The hacker claimed in a conversation with Motherboard that they got a userid and password but could not get past the two factor authentication. The hacker contacted the DHS help desk and told them he was a new employee. The help desk, being helpful, gave the hacker their token to get into the portal. At that point the hacker was in and had access to a terabyte of data.
Information on about 9,000 DHS employee was posted this afternoon and the hacker says that he has information on 20,000 FBI employees as well.
DHS downplays the attack, but there are some issues –
- The DHS helpdesk was apparently socially engineered.
- What else was in the 200 GB of data that the hacker claims to have taken?
- DHS is the repository for all of the data that private businesses share under the CISA law passed last year.
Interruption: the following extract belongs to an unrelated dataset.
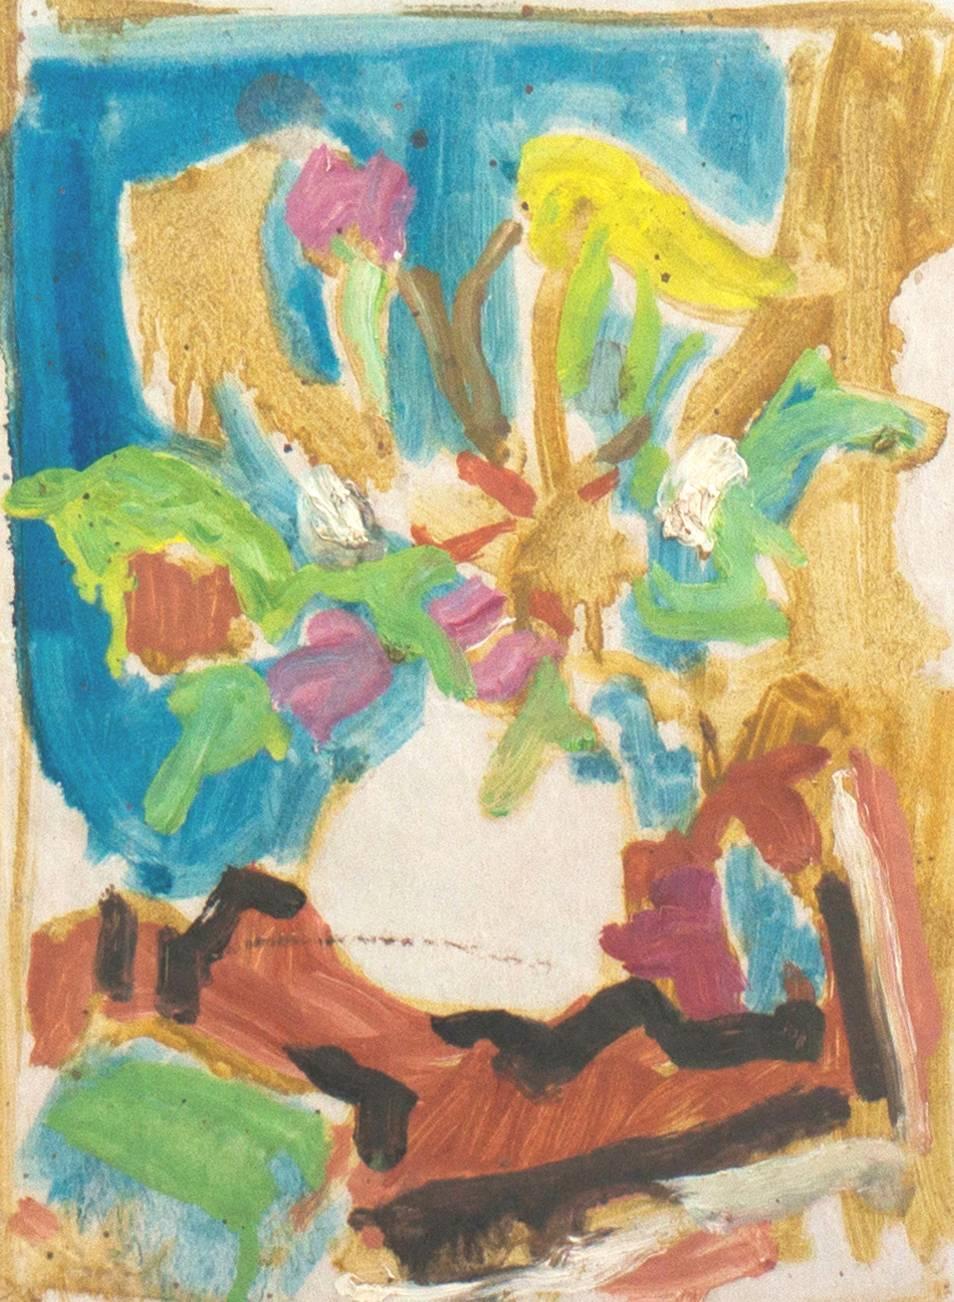 'Still Life', California Post-Impressionist, Louvre, LACMA, Académie Chaumière

And, under the law, you can’t sue businesses that share your private data with the gov, even if the gov gets hacked. Which, apparently, is not hard to do.
Stay tuned as this unfolds. It may be significant in terms of the data compromised, it may not be, but in turns of us trusting DHS to store our data securely – this is clearly a black eye.
Information for this post came from Motherboard and The Guardian.